Hamburg’s incinerators not only dispose of trash, they  also feed the heat generated into the heating grid. The plant here, run under contract by the Swedish energy giant Vattenfall, heats water for a large part of downtown Hamburg.
So it was not surprising that when Italy had a garbage problem, it turned to Germany for a solution: On Feb. 28 a delegation from the Italian region of Campania, which includes Naples, flew to Berlin to ask for help from Germany’s Environment Ministry. Last year, one German city, Bremerhaven, quietly took a small amount of Naples’s trash for incineration. This year, as the crisis deepened   –  it ultimately helped bring down the leftist government   –   a larger rescue was needed.
The German Environment Ministry agreed to take 200,000 tons, and asked Germany’s states, which control the country’s waste programs, to volunteer. Some states, like Hesse, which includes Frankfurt, refused to take Italian trash. But Hamburg said yes. Hamburg has three incinerators: one privately run by Vattenfall, one public, and one a public-private partnership. German incinerators normally receive more than €150  a ton for trash, although Hamburg officials would not say how much, if anything, they were paid by Naples.
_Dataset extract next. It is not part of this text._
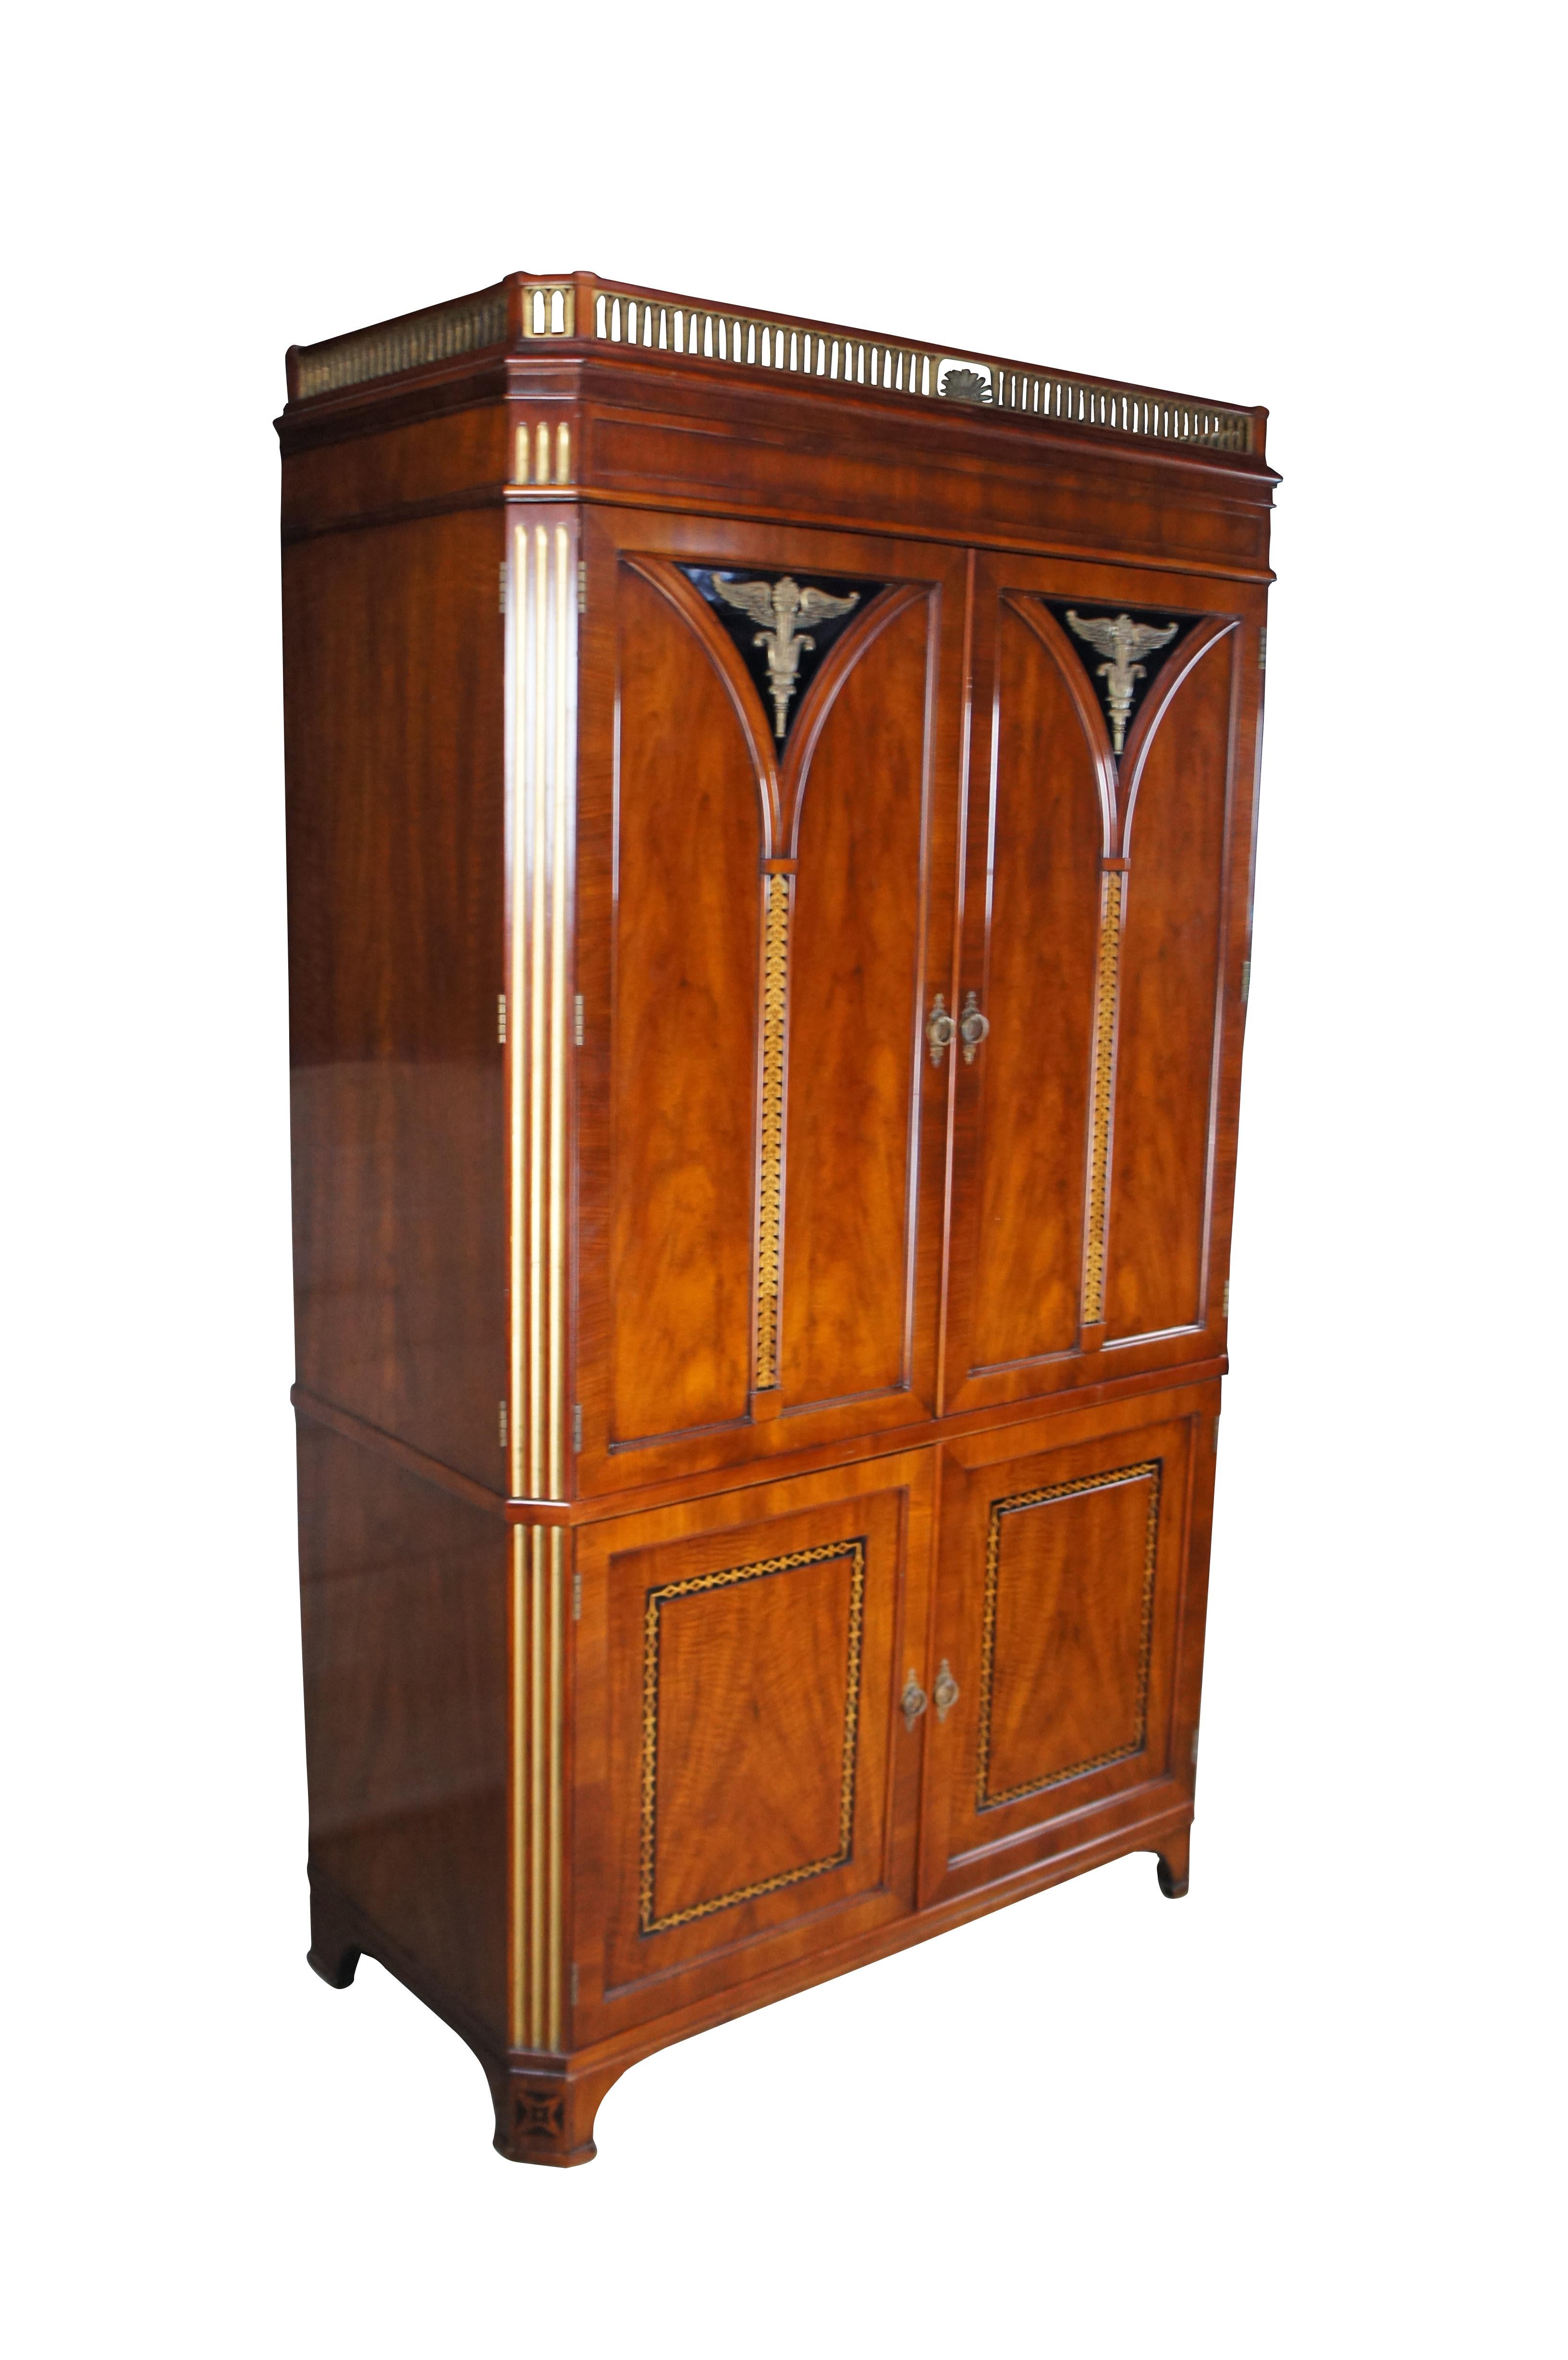 John Widdicomb French Empire / Deco inspired Armoire, circa 1970s. Made from cherry with paneled doors featuring ornate winged torchiere mounts in bronze over inlaid vine motif. Corners are chamfered and fluted in gold. The cabinet has an ornate

But the agreement had its limits. “The German government and the states expect the Italian government to present a coherent program of measures to ensure a long-term solution for the waste disposal problems of the Campania region,” the document said.
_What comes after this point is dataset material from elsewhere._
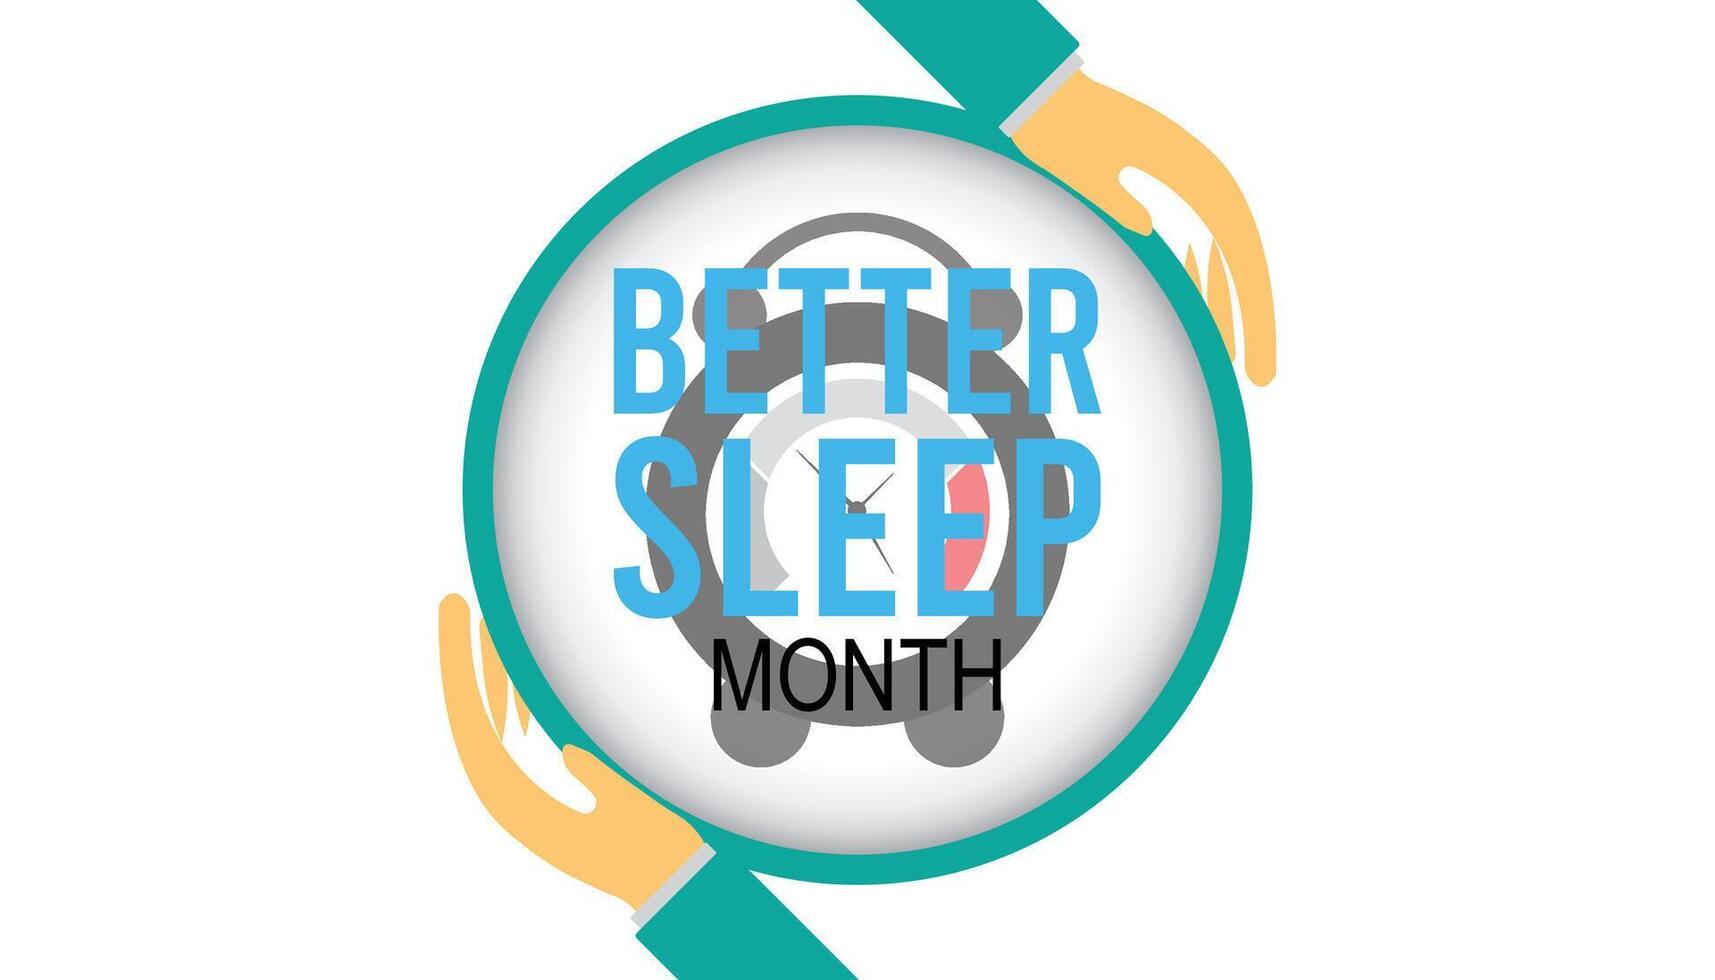 Better Sleep Month observed every year in May. Template for background, banner, card, poster with text inscription. vector

Indeed, citizens here offer only grudging approval of the plan to rescue Italy, which they tend to regard as a messy younger brother. “Of course no one wants trash,” said Jochem Wutschke, a businessman having lunch in front Hamburg’s majestic town hall. “But the facilities here are able to burn it  –   they have the capacity. And they’re able to earn money.”
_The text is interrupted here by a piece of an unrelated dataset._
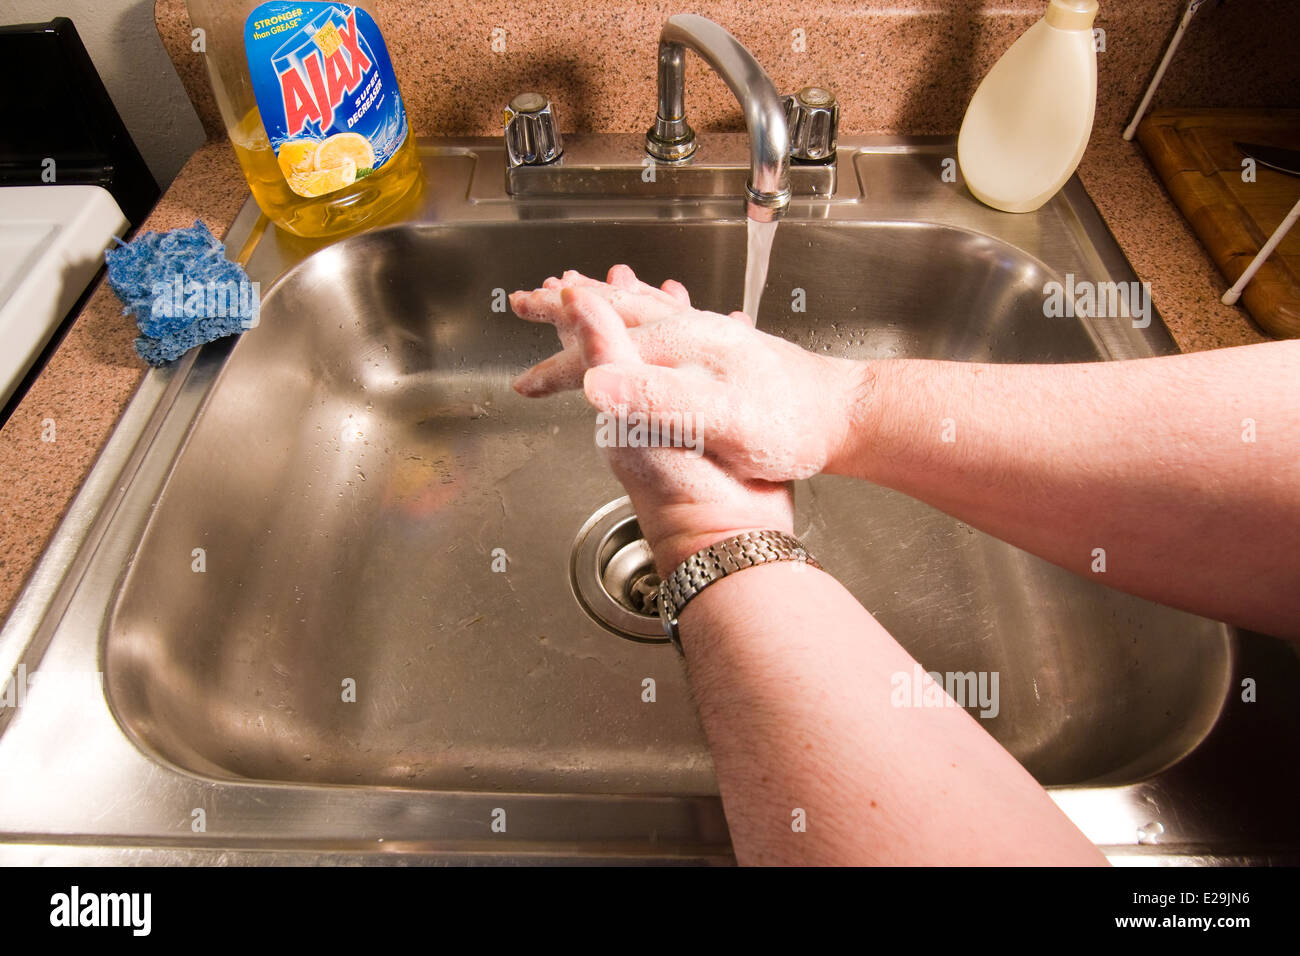 Soap bubbles covering a man's hands as he washes them in a sink Stock Photo

Naples and a host of other countries and cities have long been ignoring growing trash problems that are hazardous and environmentally damaging. Landfills leach toxic chemicals into the ground and produce methane, a gas far more potent than the CO2 from car or factory emissions in terms of its effect on global warming.
To reduce their use, governments are encouraged to reuse, recycle, and then incinerate if necessary.
While incineration does produce greenhouse gas in the form of CO2, newer incinerators are relatively clean, using new technology to filter out heavy metals, nitrous oxides, particles, and sulfites. In addition, Hamburg has placed its incinerators within the city,  both to minimize emissions from garbage truck transport and so that the heat from burning trash can be fed into the  heating grid. The Vattenfall plant is just 15 minutes from the city center, on an industrial road lined with recycling facilities.
But that, in a way,  makes the local politics of trash even more difficult. Politicians in Naples have said the region has been unable to build planned incinerators in Naples because of local opposition. But Guido Bertolaso, Italy’s new trash chief, is not  accepting  that anymore.
“As you drive around Europe, you see incinerators in lots of neighborhoods,” he said last week.
There are now 70 incinerators in Germany and each opening has been accompanied by  protest, which  quickly subsides,  Mineur said. “Most of these projects are not welcome initially, but once the plants are working, nobody says anything.”